Opinion|Videos|January 15, 2026

Overcoming Operational Barriers to Bispecific Use in Community Oncology

While implementing bispecific antibodies in community oncology carries a steep learning curve, targeted education and stronger multidisciplinary collaboration can significantly improve clinician confidence and real-world uptake.

Tara M. Graff, DO, director of clinical research at Mission Cancer + Blood at the University of Iowa Health Care, discussed findings from an analysis examining the real-world implementation of bispecific antibodies in community oncology settings and the operational barriers limiting broader adoption. Published at ASH 2025, the data highlight a steep but surmountable learning curve as bispecifics move from academic centers into outpatient community practice.
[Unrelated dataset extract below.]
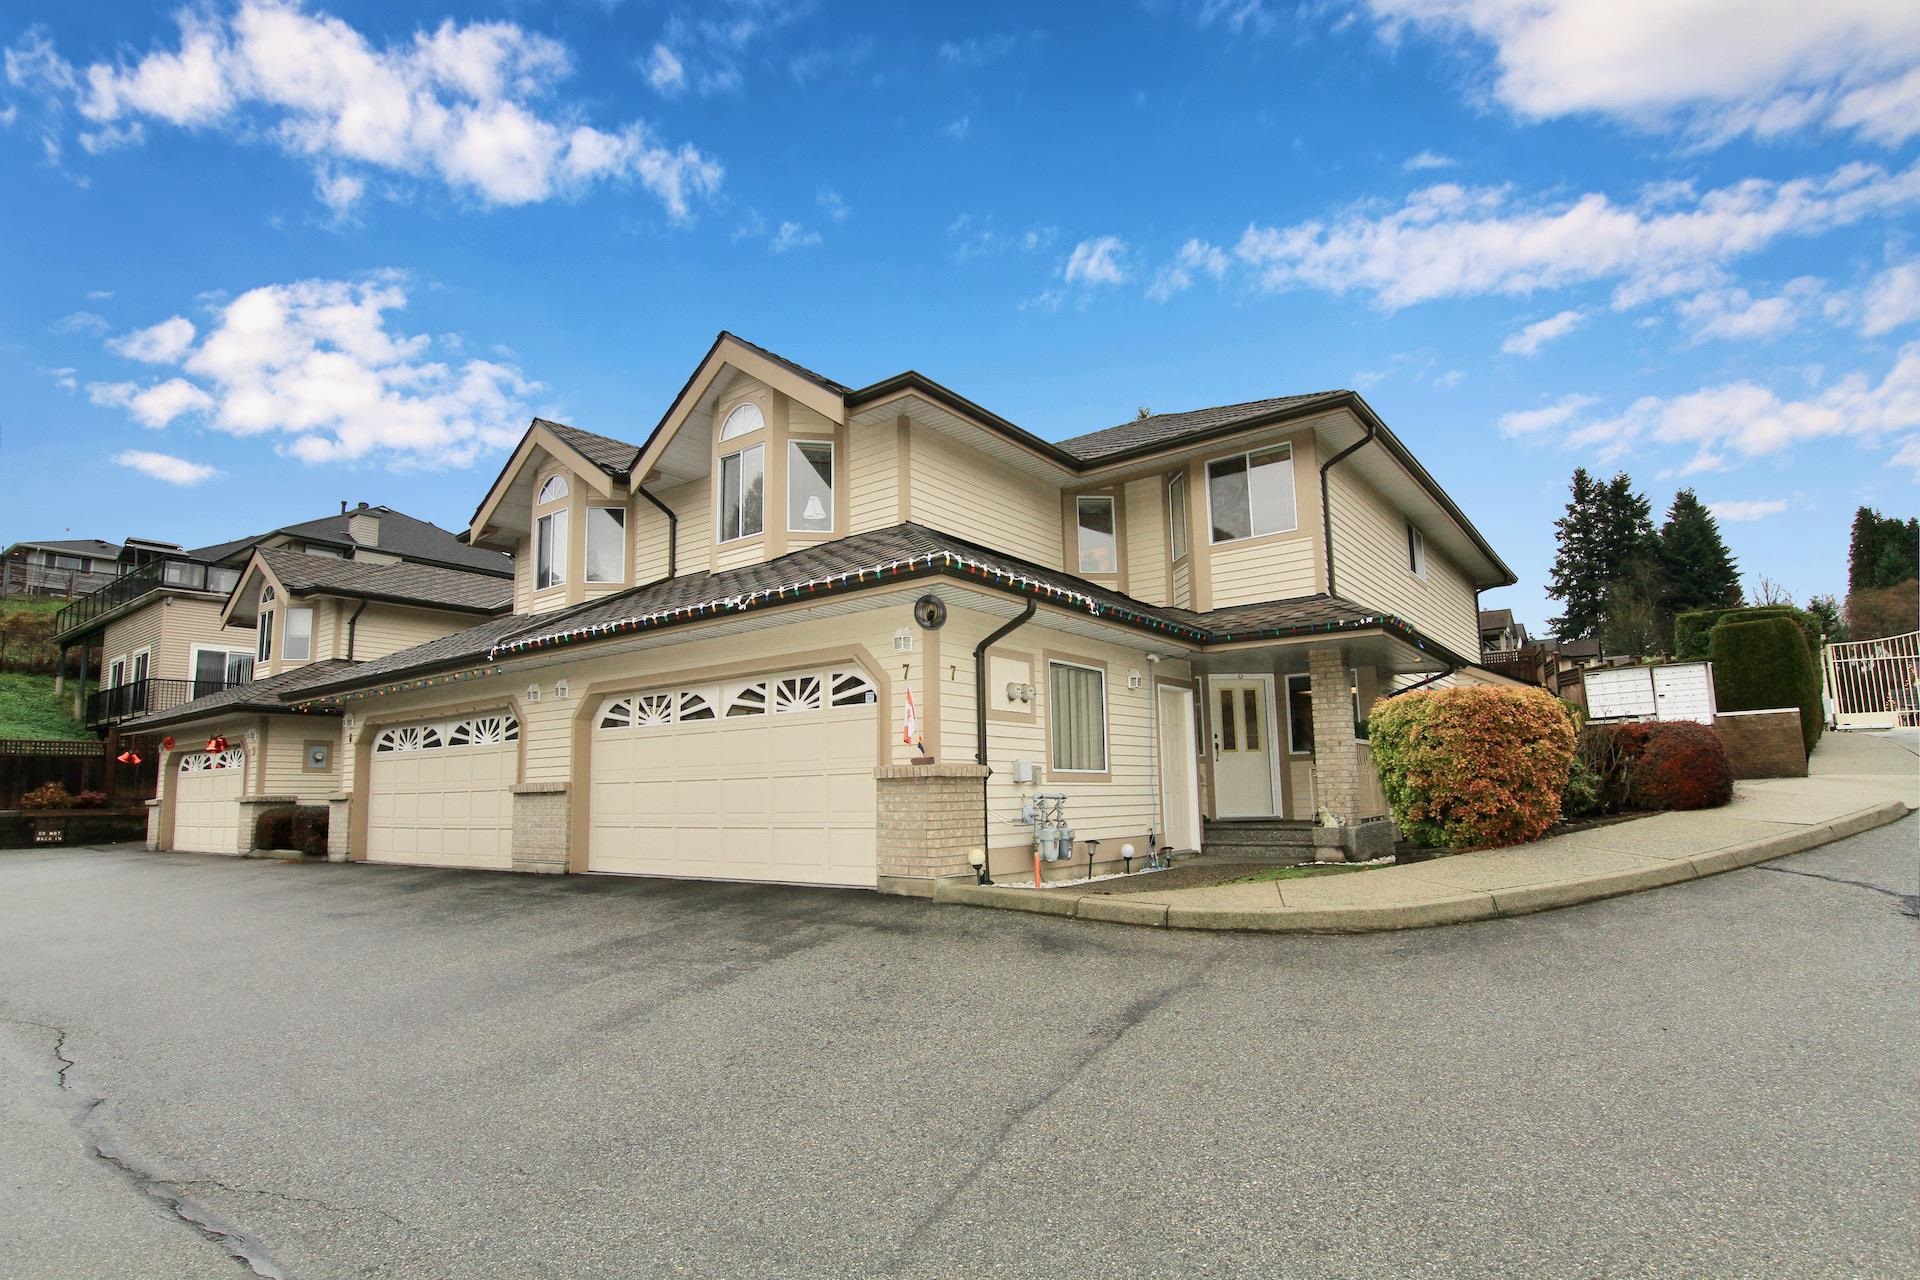 Maple Ridge, BC Real Estate Listings & Houses for Sale - REW

Graff noted that community practices face highly variable challenges. Some have the clinical infrastructure to deliver bispecifics but are hesitant to assume the operational lift, including step-up dosing, after-hours availability, and close monitoring for cytokine release syndrome and immune effector cell–associated neurotoxicity syndrome. Other practices are eager to adopt these therapies but lack experience, education, or access to hospital partners for inpatient admission when needed. These differences contribute to clinician discomfort and slow uptake, even as patient demand grows.

Importantly, the study showed that targeted education led to a roughly 33% improvement in clinicians’ willingness to collaborate with multidisciplinary colleagues. Graff emphasized that successful rollout depends on strong multidisciplinary structures, including nursing, pharmacy, advanced practice providers, and access to inpatient services. However, she challenged the assumption that education must always flow from academic centers to community sites. In many cases, she said, community practices benefit most from learning directly from other community groups that have already implemented bispecifics and understand the same operational constraints.

Where academic centers are involved, improved communication is critical. Graff described persistent gaps between academic and community practices that can limit collaboration and discourage outreach. When these communication barriers are addressed and education is delivered in a practical, supportive way, confidence grows and adoption becomes more feasible.

The findings suggest that expanding bispecific use in the community will require coordinated efforts across stakeholders—including academic centers, experienced community practices, and industry—to provide education, mentorship, and operational support. While progress may be incremental, Graff stressed that collective small steps are already making outpatient bispecific delivery more achievable than even a few months ago.